A logical, reasonably standardized, but flexible project structure for doing and sharing data science work—adapted for Prison Reform Trust.
Before starting your project, your computer needs to be able to interpret all of this code. We have created a separate section which sets out a step-by-step guide to help make this process as straightforward as possible, with information that we have found helpful along the way.
!!! tip If you've never created a Python environment before, or you need a refresher on how we approach this seemingly straightforward task, then this section should be your starting point.
Setting up a development environment
- Python 3.5+
- Cookiecutter Python package >= 1.4.0: We recommend that this is installed with Conda's Miniconda Python package management:
Starting a new project is as easy as running this command at the command line. No need to create a directory first, the cookiecutter will do it for you.
cookiecutter https://github.com/Prison-Reform-Trust/prt-cookiecutter-data-science
Now that you've got your project, you're ready to go! You should do the following:
- Check out the directory structure below so you know what's in the project and how to use it.
- Read the opinions that are baked into the project so you understand best practices and the philosophy behind the project structure.
├── LICENSE
├── Makefile <- Makefile with commands like `make create_environment`,
│ `make update_environment or `make data`.
├── README.md <- The top-level README for developers using this project.
├── data
│ ├── interim <- Intermediate data that has been transformed.
│ ├── processed <- The final, canonical data sets for analysis.
│ └── raw <- The original, immutable data dump.
│
├── docs <- A default Sphinx project for adding documentation to this project;
│ see sphinx-doc.org for details.
│
├── notebooks <- Jupyter notebooks. Naming convention is a number (for ordering),
│ the creator's initials, and a short `-` delimited description, e.g.
│ `1.0-jqp-initial-data-exploration`.
│
├── references <- Data dictionaries, manuals, and all other explanatory materials.
│
├── reports <- Generated analysis as HTML, PDF, LaTeX, etc.
│ └── figures <- Generated graphics and figures to be used in reporting
│
├── requirements.txt <- The requirements file for reproducing the analysis environment, e.g.
│ generated with `conda list --export > requirements.txt`
│
├── setup.py <- makes project pip installable (pip install -e .) so src can be imported
|
├── src <- Source code for use in this project.
│ ├── __init__.py <- Makes src a Python module
│ │
│ ├── analysis <- Scripts to process raw data for analysis
│ │ └── process_data.py
│ │
│ ├── data <- Scripts to download or generate data
│ │ └── make_dataset.py
│ │
│ └── visualization <- Scripts to create exploratory and results oriented visualizations
│ └── visualize.py
│
└── tox.ini <- tox file with settings for running tox; see tox.readthedocs.io
This project is currently in development and borrows heavily on the excellent work of DrivenData and their cookiecutter-data-science template (CCDS). Which we have relied on for a considerable period. The development of this template is also indebted to EasyData and their excellent cookiecutter template which inspired the development of the PRT project, and provided a deeper understanding of how to create reproducible environments; datasets and workflows for data analysis.
As such, this project is primarily focused on adapting the project to suit our own organisational needs and isn't actively seeking contributions from outside of the organisation.
If you would like to find out more about the DrivenData cookiecutter-data-science template and how to contribute to their project then see their docs for guidelines.
Here are some projects and blog posts that have provided a huge amount of information and guidance to inform this cookiecutter template and which you may find useful.

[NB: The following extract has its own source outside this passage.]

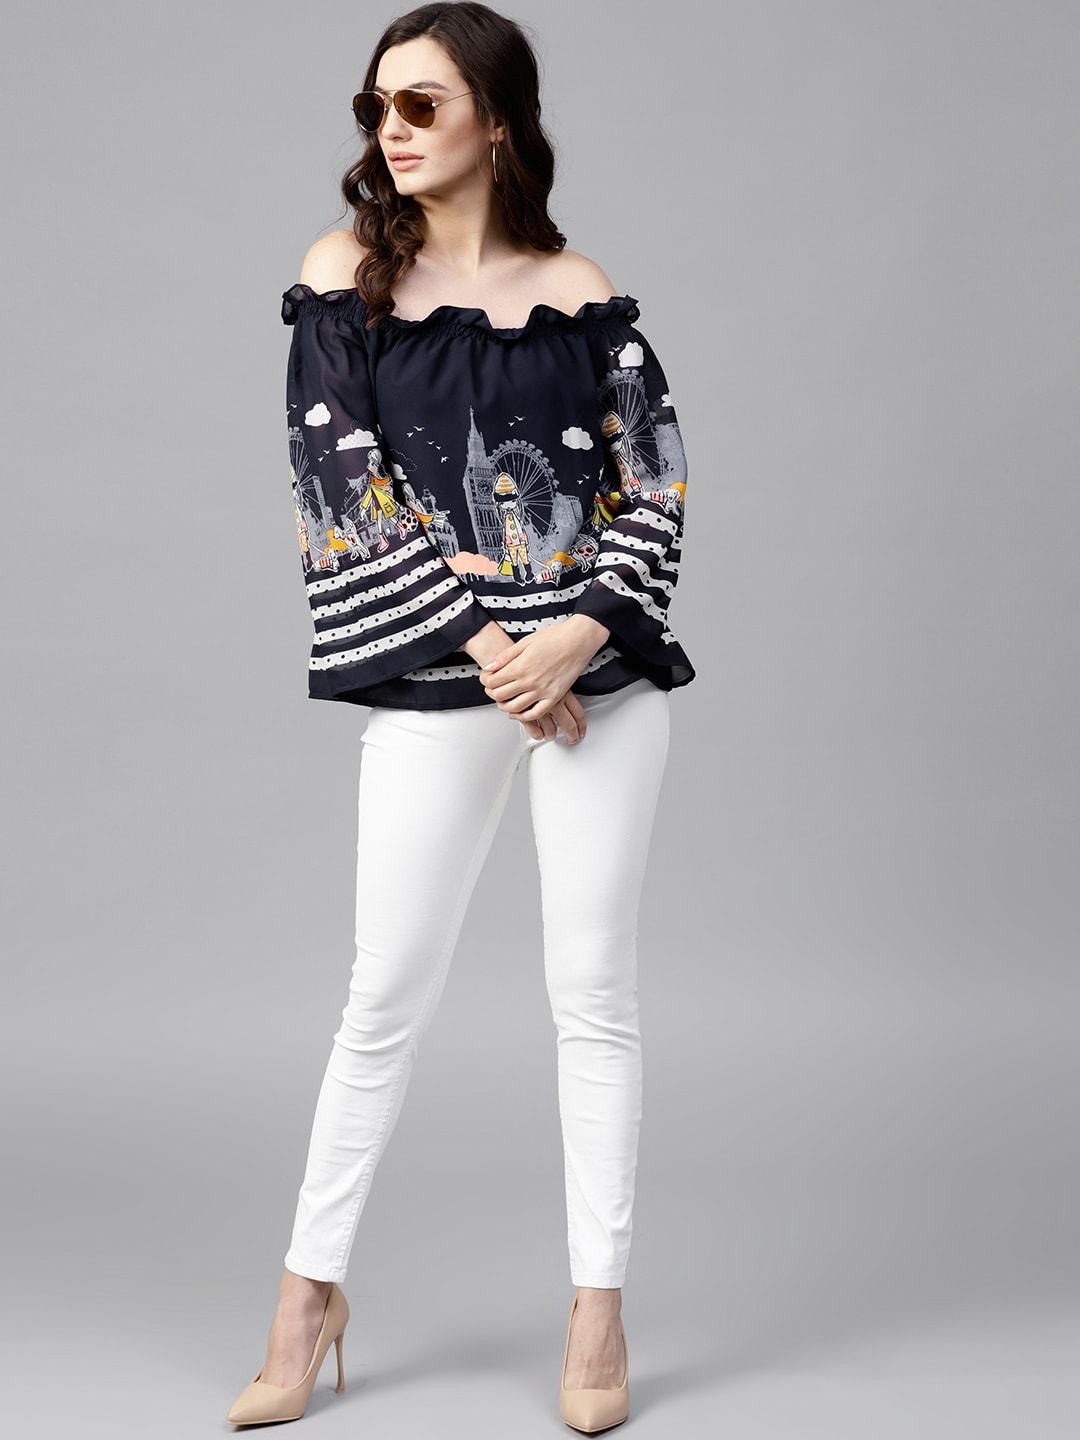 Women's Off-Shoulder Fusion Printed Top - Pannkh

- Cookiecutter Data Science (CCDS) - The original template on which this is based.
- EasyData - A revised implementation of the CCDS template and which triggered the development of this project.
- Coding for Economists - An excellent blog by Arthur Turrell covering a wide range of topics, from getting your development environment started to suggested workflows; data transformation; designing reproducible analysis and much, much more.
- Government Analysis Function guidance aka The Duck Book - Another great guidance doc to draw from, which govers guiding principles; modular coding; documentation; version control and loads more.
Finally, a huge thanks to the Cookiecutter project (github), which is helping us all spend less time thinking about and writing boilerplate and more time getting things done.